1

I have 200 files of different which I need to concat column after column into one file. These 200 files are in one directory, and so I tried the following script.

path = '/data' 
files = os.listdir(path)

files_txt  = [os.path.join(path,i) for i in files if i.endswith('tsv')]
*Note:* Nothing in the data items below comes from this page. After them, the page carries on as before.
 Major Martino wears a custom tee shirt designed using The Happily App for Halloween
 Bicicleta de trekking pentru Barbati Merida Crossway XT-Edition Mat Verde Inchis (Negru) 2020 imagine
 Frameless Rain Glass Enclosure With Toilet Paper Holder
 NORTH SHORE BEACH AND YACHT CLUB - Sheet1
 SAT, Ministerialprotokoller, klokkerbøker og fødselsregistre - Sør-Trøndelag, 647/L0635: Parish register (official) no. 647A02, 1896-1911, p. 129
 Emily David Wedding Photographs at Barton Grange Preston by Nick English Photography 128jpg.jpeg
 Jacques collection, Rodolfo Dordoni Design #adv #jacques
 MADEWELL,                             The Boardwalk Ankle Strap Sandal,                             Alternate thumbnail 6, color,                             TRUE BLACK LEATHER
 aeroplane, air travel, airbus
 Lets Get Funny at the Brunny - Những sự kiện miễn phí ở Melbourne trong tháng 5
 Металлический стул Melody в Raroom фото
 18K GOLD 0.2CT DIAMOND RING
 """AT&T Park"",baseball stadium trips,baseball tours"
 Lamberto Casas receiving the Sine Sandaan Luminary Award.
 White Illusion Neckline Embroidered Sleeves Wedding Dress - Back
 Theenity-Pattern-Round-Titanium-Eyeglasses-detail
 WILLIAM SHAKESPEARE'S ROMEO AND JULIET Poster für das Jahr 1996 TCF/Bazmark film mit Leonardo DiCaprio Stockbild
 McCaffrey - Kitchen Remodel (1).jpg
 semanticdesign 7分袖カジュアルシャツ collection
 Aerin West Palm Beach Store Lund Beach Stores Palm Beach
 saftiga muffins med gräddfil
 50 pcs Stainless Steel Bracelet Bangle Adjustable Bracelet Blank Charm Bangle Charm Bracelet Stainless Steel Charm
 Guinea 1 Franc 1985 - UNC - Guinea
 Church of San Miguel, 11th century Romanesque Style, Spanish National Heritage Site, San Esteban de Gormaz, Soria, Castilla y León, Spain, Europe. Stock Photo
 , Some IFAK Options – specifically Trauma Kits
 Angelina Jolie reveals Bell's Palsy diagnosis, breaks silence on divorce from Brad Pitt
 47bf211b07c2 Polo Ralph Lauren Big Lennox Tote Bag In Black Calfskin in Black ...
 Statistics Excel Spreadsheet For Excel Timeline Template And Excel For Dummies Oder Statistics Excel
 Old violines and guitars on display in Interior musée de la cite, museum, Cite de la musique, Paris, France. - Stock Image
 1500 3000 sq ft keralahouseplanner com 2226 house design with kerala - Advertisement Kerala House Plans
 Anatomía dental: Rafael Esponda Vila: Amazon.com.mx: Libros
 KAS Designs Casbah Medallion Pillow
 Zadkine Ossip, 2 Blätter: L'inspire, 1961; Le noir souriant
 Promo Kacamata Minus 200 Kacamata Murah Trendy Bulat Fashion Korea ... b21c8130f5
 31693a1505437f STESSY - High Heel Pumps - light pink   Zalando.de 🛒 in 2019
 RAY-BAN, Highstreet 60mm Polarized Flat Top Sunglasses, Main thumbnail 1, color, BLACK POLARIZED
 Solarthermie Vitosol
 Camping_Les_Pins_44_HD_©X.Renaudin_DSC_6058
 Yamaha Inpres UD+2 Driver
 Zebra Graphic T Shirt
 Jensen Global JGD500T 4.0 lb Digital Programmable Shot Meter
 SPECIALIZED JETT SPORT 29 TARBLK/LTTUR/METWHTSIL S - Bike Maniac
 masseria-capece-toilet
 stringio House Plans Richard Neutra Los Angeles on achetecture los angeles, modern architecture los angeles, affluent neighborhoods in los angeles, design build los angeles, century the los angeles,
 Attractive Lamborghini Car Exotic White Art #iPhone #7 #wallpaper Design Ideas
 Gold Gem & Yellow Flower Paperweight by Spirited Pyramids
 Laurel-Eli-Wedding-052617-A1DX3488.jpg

## Change it into dataframe
dfs = [pd.DataFrame.from_csv(x, sep='\t')[[6]] for x in files_txt]
##Concatenate it
merged = pd.concat(dfs, axis=1)

But it throws the follwoing value error as the shape is different for each of these files. I would to have some solution. Thank you

Here is error,

ValueError: Shape of passed values is (149, 13864), indices imply (149, 13860)
ARJ
  • 2,021
  • 4
  • 27
  • 52
  • Maybe this can help: https://stackoverflow.com/questions/27719407/pandas-concat-valueerror-shape-of-passed-values-is-blah-indices-imply-blah2 – Shaido Aug 14 '18 at 01:46
  • No I cannot reset index on a list dfs is list, read as dataframe – ARJ Aug 14 '18 at 01:47
  • You could try do it after `from_csv`, but not sure it will help. Does the files have the same number of rows or can it differ? If diffferent you can pass `ignore_index=True` to `concat`. – Shaido Aug 14 '18 at 01:49
  • ignore_index throws the same error message – ARJ Aug 14 '18 at 01:55
  • why are you using `DataFrame.from_csv`? That API was deprecated years ago. – cs95 Aug 14 '18 at 02:05

1 Answers1

1

The index contain the duplicates , then concat will failed , since it will base on the index to join the dataframe

dfs = [pd.DataFrame.from_csv(x, sep='\t')[[6]].reset_index(drop=True) for x in files_txt]
##Concatenate it
merged = pd.concat(dfs, axis=1)

Using the check

for x in dfs : 
    print(x.index.is_unique)

In order to reproduced the error

df1=pd.DataFrame({'A':[1,2]})
df2=pd.DataFrame({'A':[1,2]},index=[1,1])
pd.concat([df1,df2],axis=1)

ValueError: Shape of passed values is (2, 5), indices imply (2, 3)

BENY
  • 317,841
  • 20
  • 164
  • 234